Tom Pauly and the Princeton baseball team challenged the heart of the Harvard lineup on a day when they could more than afford to do so.
Pauly came in and struck out senior Brian Lentz and sophomore Schuyler Mann in the bottom of the eighth after Princeton intentionally walked the bases loaded to end the Crimson’s best chance of escaping yesterday’s doubleheader with a win. Pauly closed out that game, a 2-0 Princeton win, just as he had closed out a 5-1 decision earlier in the afternoon, leaving Harvard (8-15, 3-5 Ivy) winless and befuddled by its collective hitting slump.
Still, with Brown splitting its doubleheader with Columbia yesterday and the entire Red Rolfe Division languishing below the .500 mark, the Crimson’s record is good enough for a three-way tie for the division lead. Meanwhile, Princeton (14-15, 7-1) increased its lead in the Lou Gehrig Division over Penn.
Princeton and Harvard have played each other for the lion’s share of the Ivy League Championships in the past eight years, but the focus after yesterday’s action was less on rivalry or history than it was on the Crimson’s current futility.
“Losing to Princeton hurts, but we’re 3-5 in the Ivies now, that hurts in itself,” senior pitcher Kenon Ronz said. “They’re [all] Ivy games.”
In both games, the Crimson struggled to get on base, and Harvard’s No. 3 through 6 hitters went a combined 3-for-25 on the day. Harvard has scored only six runs in its last 46 innings.

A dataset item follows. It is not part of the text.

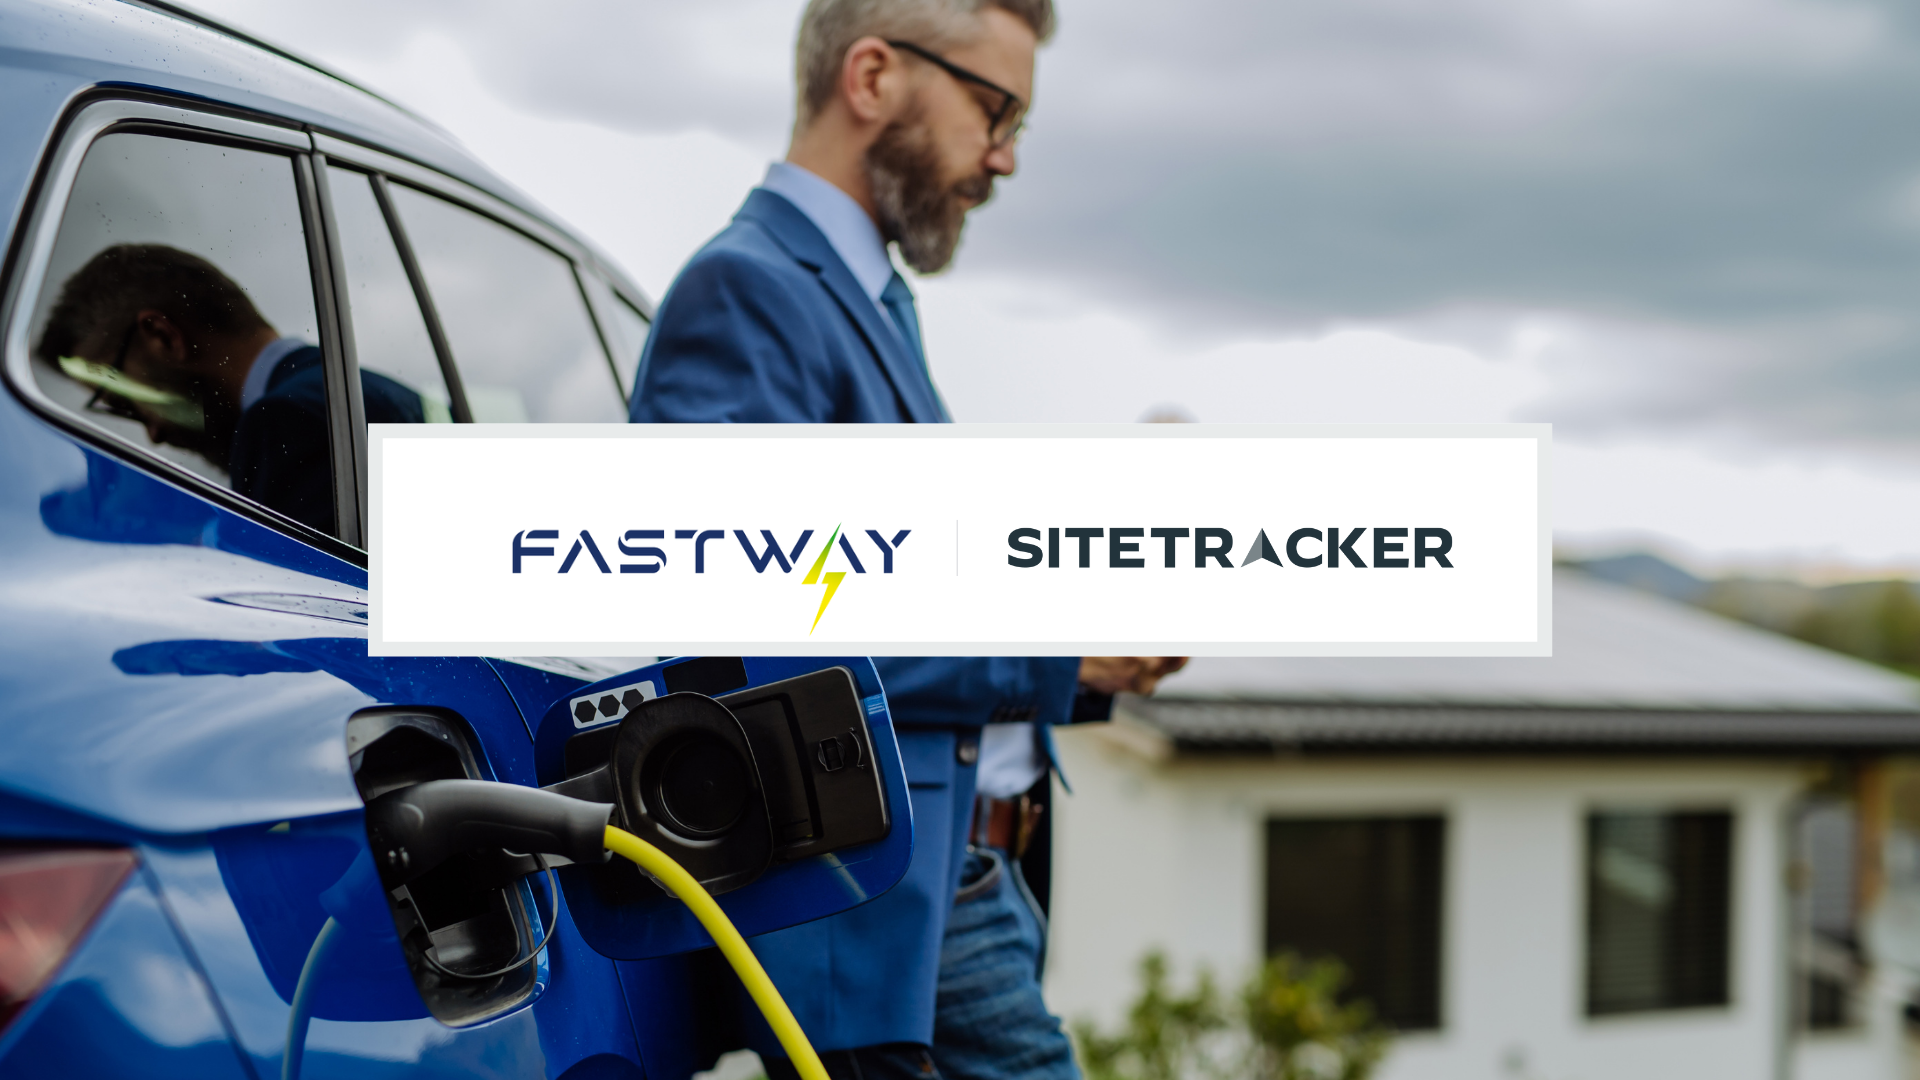 Italy Zooms Ahead with 15,000 EV Chargers - Powered by Sitetracker

“We didn’t get much from seven spots in the lineup today, except for [Zak] Farkes and [Lance] Salsgiver, who battled their tails off to get on base,” Walsh said. “Right now, we’re anemic.”
Weak hitting and poor defense ruined solid outings from senior Kenon Ronz and sophomore Mike Morgalis. Ronz was particularly effective in the second game, striking out nine and allowing one earned run in 8.2 innings, but wound up a hard-luck loser.
Princeton 2, Harvard 0
In the bottom of the eighth, after a one-out single by Salsgiver and a double Farkes smoked to deep right, the Crimson had runners on second and third with junior slugger Trey Hendricks in the on-deck circle. Princeton opted to have Princeton starter Mark Siano (2-1) intentionally walk Hendricks, loading the bases, and face Lentz and Mann head on.
It was a daring challenge, but one made easy for Princeton coach Scott Bradley with Pauly coming in from the bullpen. The righty—last summer’s Cape Cod League postseason MVP—struck out Lentz and Mann on seven straight fastballs. He pitched two more hitless innings to pick up the save.
Lentz and Mann each went down swinging—Lentz on a high checked swing, Mann swinging and missing completely.
“Pauly’s legit,” Walsh said. “If you do not get to the starter by the seventh or eighth innings, then you are in trouble. But Pauly, really, he’s a one-pitch guy. You’ve got to make contact with that fastball.”
No one on the team made contact with a fastball for most of the game, or many other Princeton offerings. Siano held Harvard to three hits in 6.1 innings, and none until a Salsgiver single in the fourth.
By then, Princeton had gotten the only run it would need off of Ronz (1-2), who pitched a spectacular game but watched helplessly as one of his pitches got past Lentz in the top of the fourth with a man on second. The pitch went all the way to the backstop, and Lentz was unable to recover before the runner scored.